The threshold—the moment when a situation or a person is transformed into something new, for either good or ill—is the central image of From Whence. In many of these lyric poems, the moment of change either is in sharp focus or is exerting its gravitational pull on the poem. It could be the instant when a rock being held up on a frozen pond melts through and makes its plunge, or that dizzying moment when a child realizes that his childhood is over forever. It is leaving a church revival, finding snow outside, and seeing that "Each flake, each one individual we knew, / disappeared into all the others / and made a place for the moonlight to rest." In these moments are loss and newfound joy. From Whence is a hymn to both.

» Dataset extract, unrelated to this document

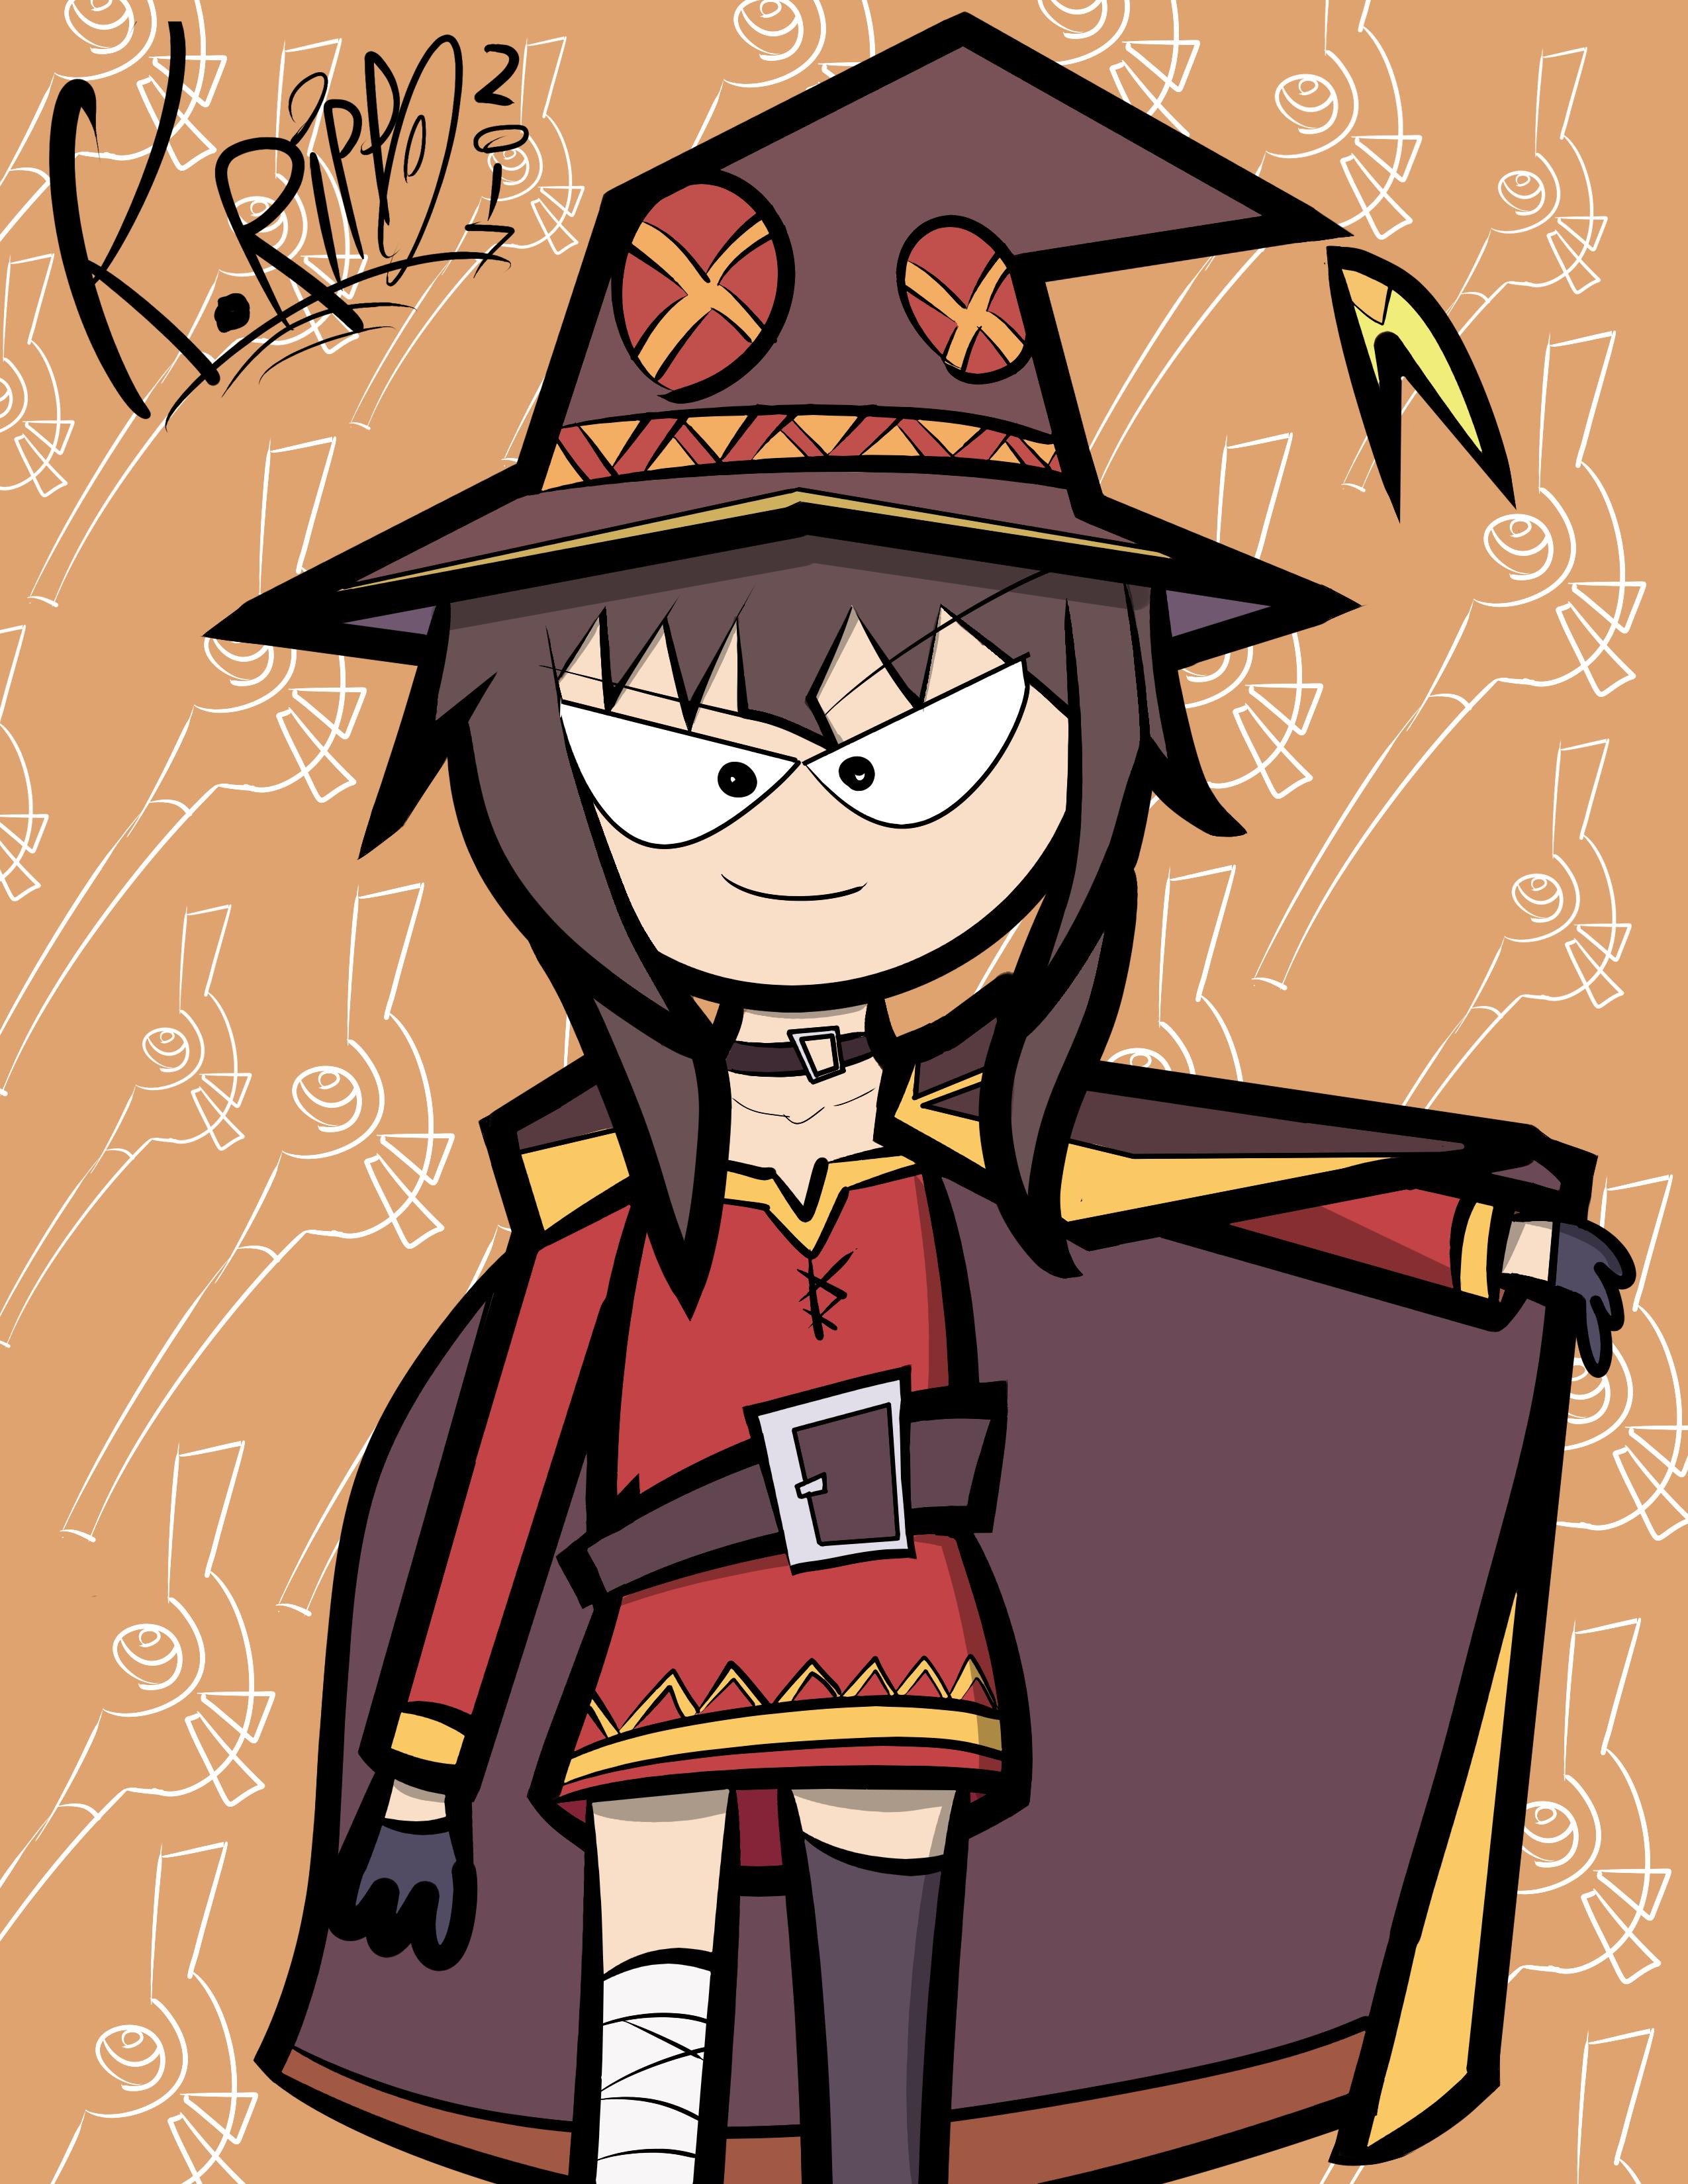 Megumin from Konosuba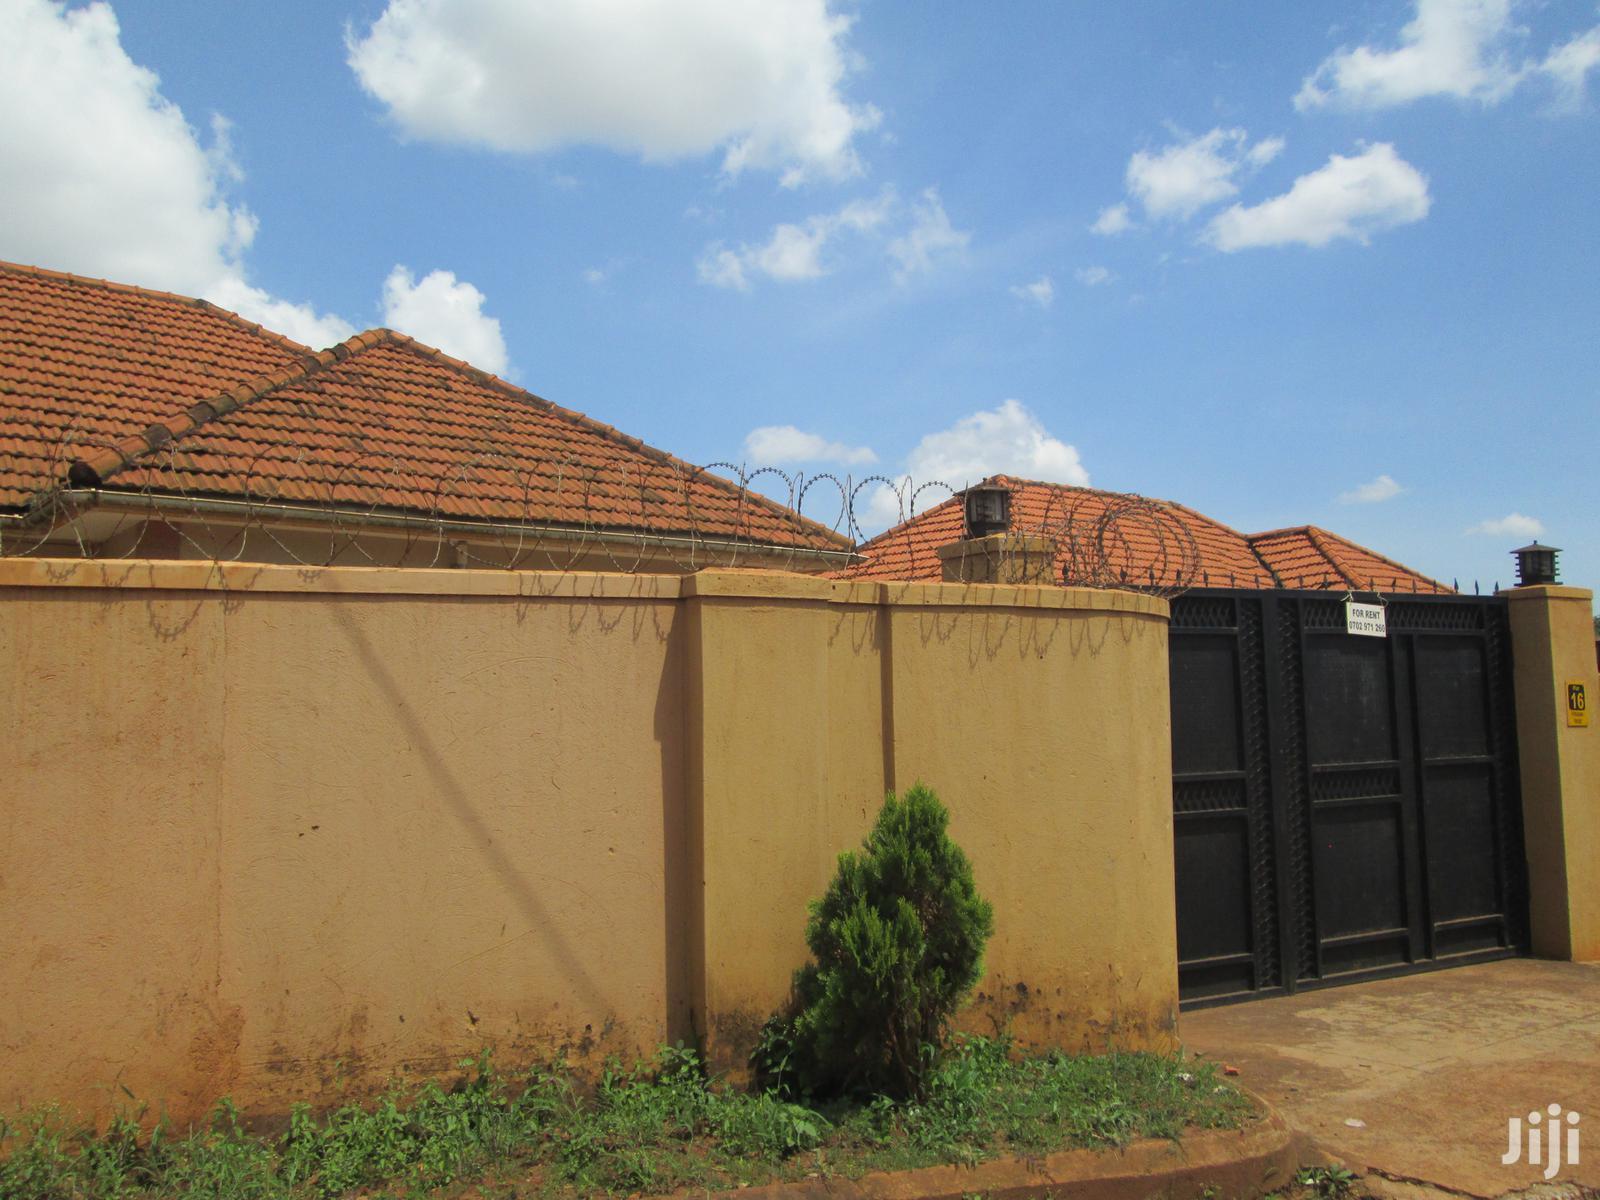 Four Bedroom House In Kirinya Along Bukasa Road For Rent | Houses & Apartments For Rent for sale in Kampala, Central Region, Uganda

It seemed it took all of her
to play it. Her smooth hands worked
the double keyboard, her shoulders
rolled under the robe when she reached
to the stops, oboe, lute, or harp.
She'd unsnap the robe, bottom up,
and spread it back over the bench
to give her legs the freedom they needed.
Only I could see her feet.
She'd taken off her shoes
to feel the low register pedals
with the private dark toe of her Sunday hose.
Through "Holy, Holy, Holy" and "I Love
Thy Kingdom, Lord" I was acolyte
to her organ's hum. The Word,
as her hymns swelled, became flesh.
“Organist” published in From Whence by Michael Chitwood.